8.2.1. Overzealous Message Sending

By far, the most common mistake is sending too much mail. It is a great idea to have scripts send mail. If there's a service disruption, normal email or email sent to a pager are good ways to bring this problem to the attention of a human. But under most circumstances it is a very bad idea to have your program send mail about the problem every five minutes or so. Overzealous mail generators are quickly added to the mail filters of the very humans who should be reading the mail. The end result is that important mail is routinely ignored.

8.2.1.1. Controlling the frequency of mail

The easiest way to avoid what I call "mail beaconing" is to build safeguards into the programs to gate the delay between messages.

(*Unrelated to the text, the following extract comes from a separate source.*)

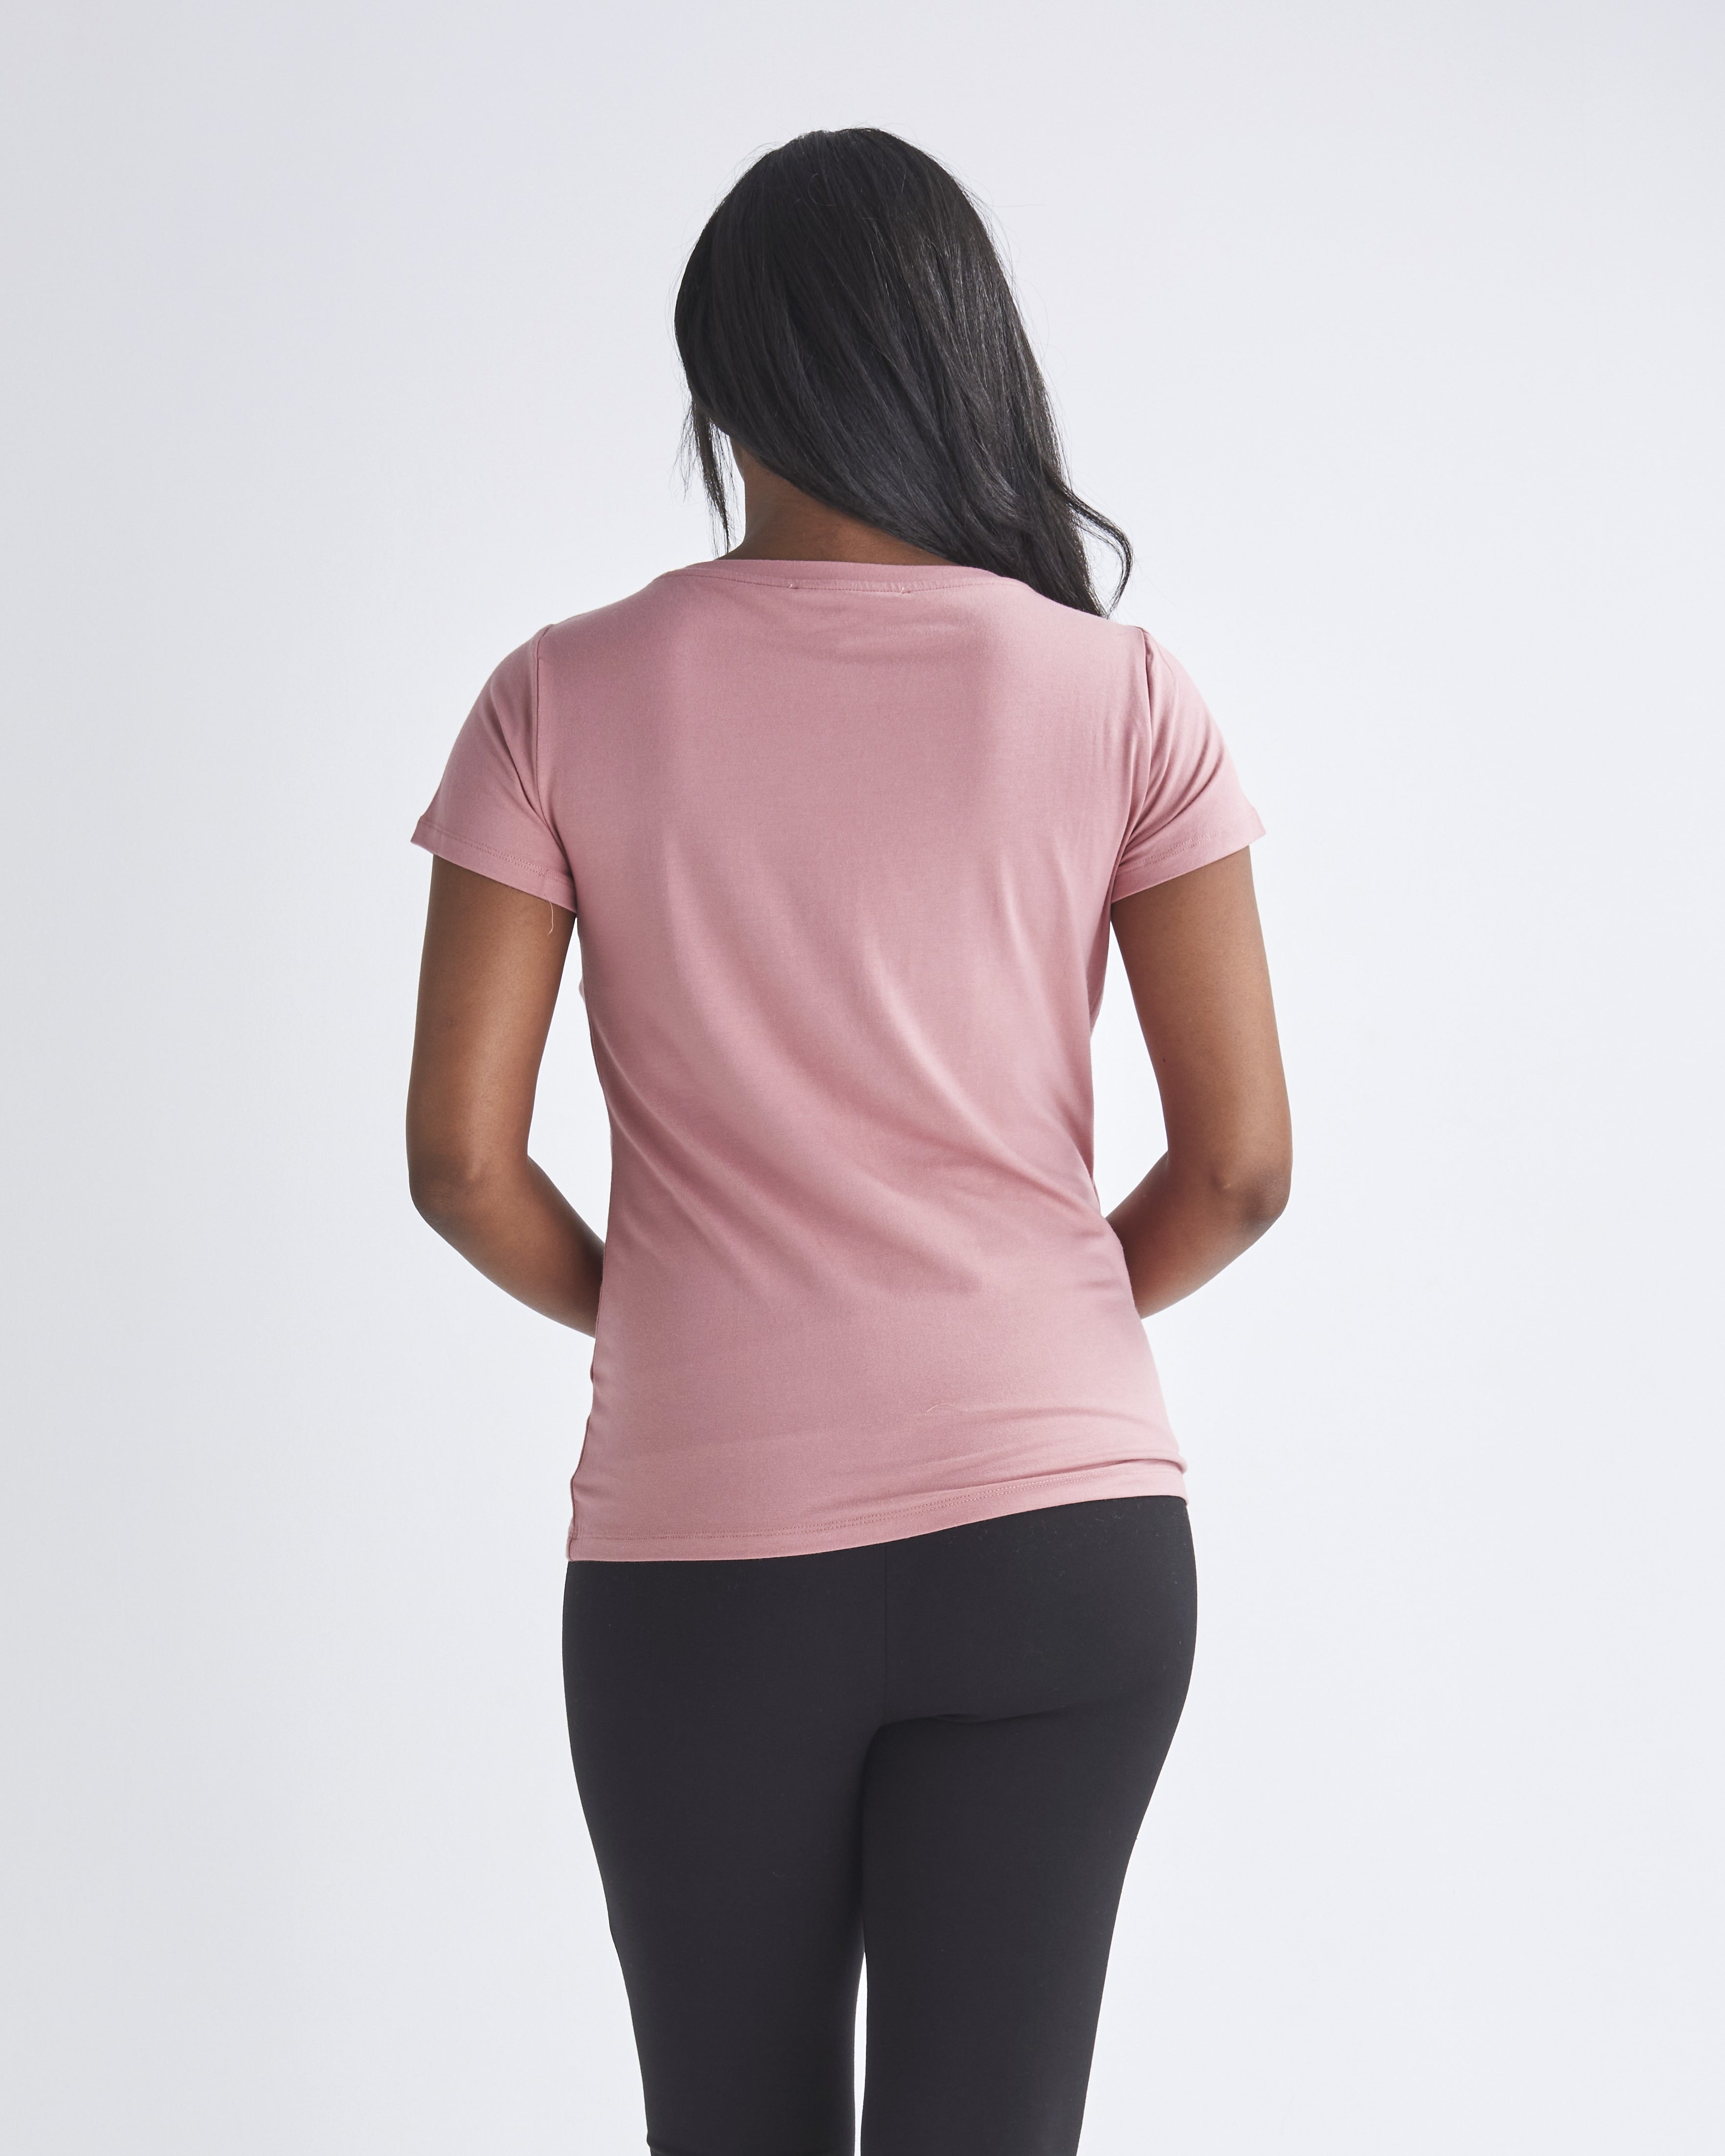 Back view - A woman wearing easy access to breastfeeding nursing top with petal front design from Angel Maternity

If your script runs constantly, it is easy to stash the time of the last mail message sent in a variable like this:

$last_sent = time;

If your program is started up every N minutes or hours via Unix's cron or NT scheduler service mechanisms, this information can be written to a one-line file and read again the next time the program is run. Be sure in this case to pay attention to some of the security precautions listed in Chapter 1, "Introduction".

Depending on the situation, you can get fancy about your delay times. This code shows an exponential backoff:

$max  = 24*60*60; # maximum amount of delay in seconds (1 day)
$unit = 60;       # increase delay by measures of this unit (1 min)

# provide a closure with the time we last sent a message and 
# the last power of 2 we used to compute the delay interval. 
# The subroutine we create will return a reference to an 
# anonymous array with this information
sub time_closure {
    my($stored_sent,$stored_power)=(0,-1);
    return sub {
       (($stored_sent,$stored_power) = @_) if @_;
       [$stored_sent,$stored_power];
    }
};

$last_data=&time_closure; # create our closure

# return true first time called and then once after an 
# exponential delay
sub expbackoff {
    my($last_sent,$last_power) = @{&$last_data};

    # reply true if this is the first time we've been asked, or if the
    # current delay has elapsed since we last asked. If we return true, 
    # we stash away the time of our last affirmative reply and increase 
    # the power of 2 used to compute the delay.
    if (!$last_sent or
       ($last_sent + 
         (($unit * 2**$last_power >= $max) ? 
             $max : $unit * 2**$last_power) <= time(  ))){
         	       &$last_data(time(  ),++$last_power);
              return 1;
    }
    else {
	   return 0;
    }
}

The subroutine expbackoff( ) returns true (1) if email should be sent and false (0) if not. It begins by returning true the first time it is called, then rapidly increases the delay time until eventually true is only returned once a day.

To make this code more interesting, I've used a peculiar programming construct called a closure to stash away the last message-sent time and the last power of two used to compute the delay. We're using the closure as a way of hiding our important variables from the rest of the program. In this small program it is just a curiosity, but the usefulness of this technique becomes readily apparent in a larger program where it is more likely that other code might inadvertently stomp on our variables. In brief, here's how closures work.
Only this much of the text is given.